Крит, хотя никогда не посещался холерой, был на карантине во всех греческих портах, и общение с большим миром ограничивалось случайными рейсами маленьких каиков острова в Сирос, где они выдерживали двухнедельный карантин и откуда привозили почту и груз припасов, так что любое прибытие было событием для кидониан, и прибытие яхты, летящей под английским и американским флагами одновременно, было достаточно, чтобы выгнать все население. Неровный северный бриз держал нас весь день в поле зрения порта; и только когда закат закрыл двери санитарного управления, мы бросили якорь посреди маленькой гавани — удивленный центр притяжения для удивленного города, чьи люди пришли помочь при закате и нашем прибытии. Ленивые солдаты, лежащие во весь рост на старых бронзовых пушках батарей, смотрели на нас, только поднимая головы со своих скрещенных рук; серьезные турки, курящие свои наргиле перед кафе, которые открываются на Марину, поворачивали свои стулья, чтобы посмотреть на нас, не прекращая своего бульканья; и все вокруг нас, где ничего другого не было, линия пестрого человечества — грек, турок, египтянин, нубиец, абиссинец, под шляпами, кепками, тарбушами, тюрбанами, шляпами персидскими и церковными, и без шляп вообще — полукругом окружила нас с немым и по большей части глупым восхищением.

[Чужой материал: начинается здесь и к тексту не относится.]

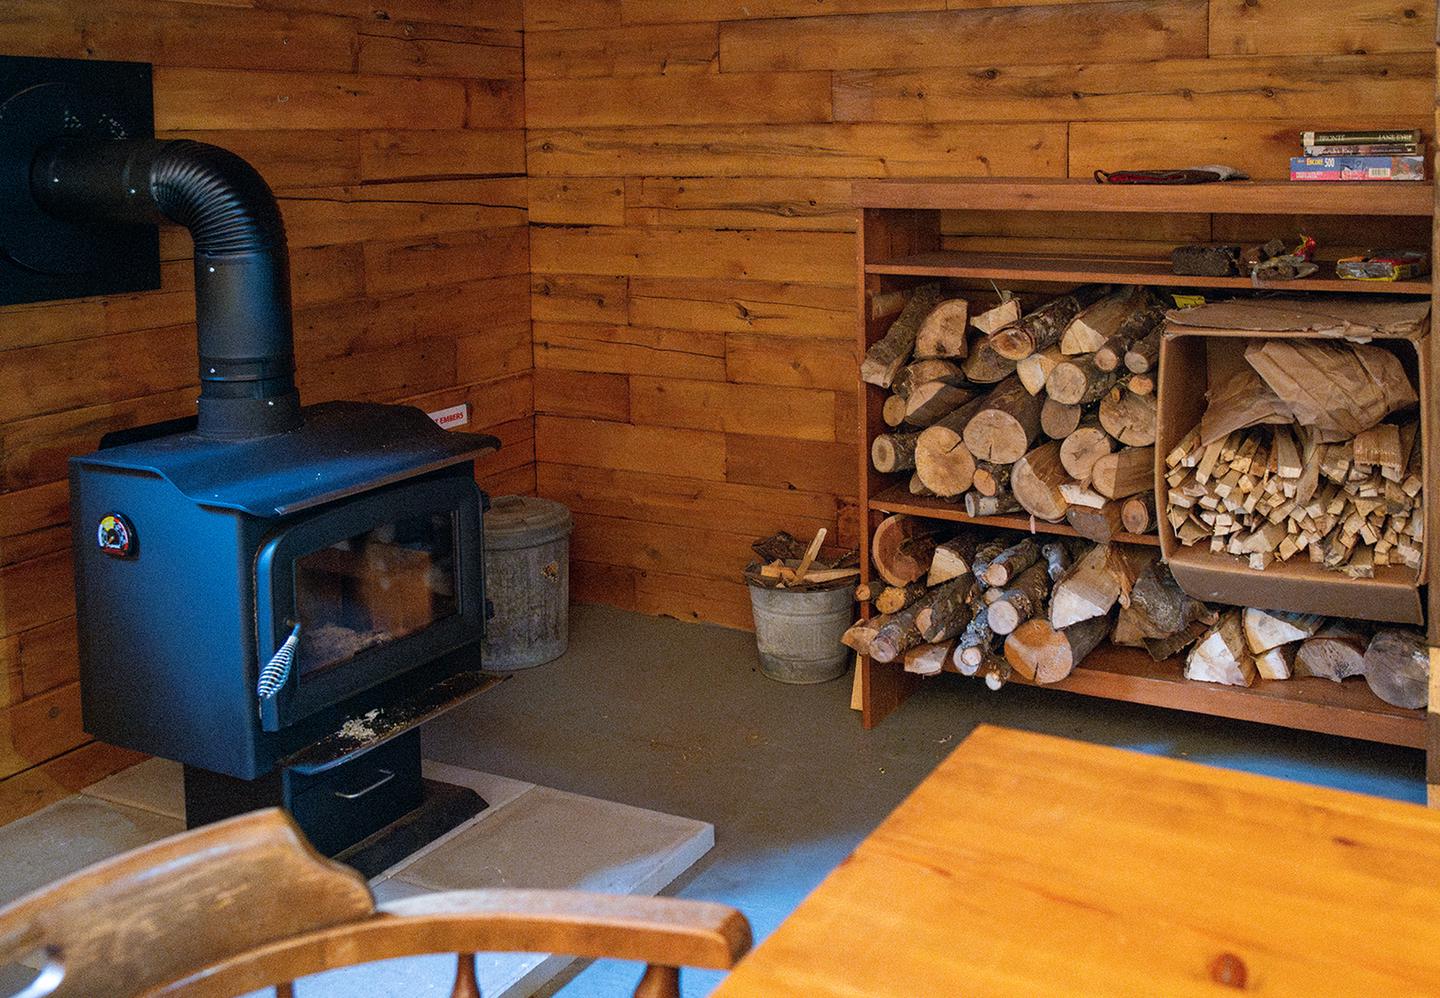 A black woodstove on the left and neatly arranged firewood to the right, adjacent to the stove sit inside of a wooden cabin.Stay warm by the woodstove in Big Spring Brook Hut.

Это был мой первый опыт турецкого города, и, возможно, я был более поражен ветхостью и очевидным распадом, чем должен был быть. Морская стена массивного венецианского укрепления казалась крошащейся и кариозной; земляная работа над ней была наполовину смыта; полукруг домов на Марине выглядел побитым и шатким; сама Марина местами была подрезана и падала в воду; и над нами, возвышаясь над всем городом, дворец Паши, построенный на все еще существенных, хотя изношенных временем и запущенных стенах старой венецианской цитадели, воздвигал штукатурную ветхость против свечения западного неба, напоминая американскую приморскую гостиницу в последних стадиях популярности и прибыльной аренды — большие щели в штукатурке, показывающие хлипкость конструкции, в то время как покрытие из немитигированной побелки почти бросало вызов закатному свечению, чтобы изменить его. На западной точке полумесяца Марины, под высотой, на которой стоит дворец, находится купольная мечеть — один большой центральный купол, окруженный маленькими — с не некрасивым минаретом, слегка треснувшим от землетрясений, стоящим с одной стороны на маленьком кладбище, среди чьих тюрбанных надгробий растут пальма и оливковое дерево, и за которым хан (также служащий таможней), двухэтажный дом венецианских дней, облегчает унылый белый цвет смывом охры, окрашенным и полосатым до любого оттенка почти. Немного ближе к дну порта находится старая венецианская ворота, которая когда-то закрывала Марину ночью, пока спал таможенный караул, и над замковым камнем которой Лев Святого Марка все еще поворачивает свою изуродованную голову к морю.

В целом, вид вещи был не неживописным, за исключением безнадежной белизны и ветхости главных архитектурных особенностей, и особенно «Конака» (дворца), который был, вне всякой маскировки света или обстоятельства, бельмом на глазу и неприятностью, тем более что его фундаменты были прекрасной старой коричневой каменной кладкой, восхитительной по цвету, твердой и показывающей на одном конце остроконечный арочный свод, с его портовым концом, упавшим вниз, чтобы показать интерьер, и увенчанным огромной массой кактуса. На южной стороне, невидимой из порта, есть три прекрасных готических окна, теперь заполненных, но сохраняющих узоры. Дворец едва ли мог иметь более благородное место, или место более низкое занятие.

Слишком поздно для практики, нам ничего не оставалось, как лечь спать рано и приготовиться сойти на берег на рассвете.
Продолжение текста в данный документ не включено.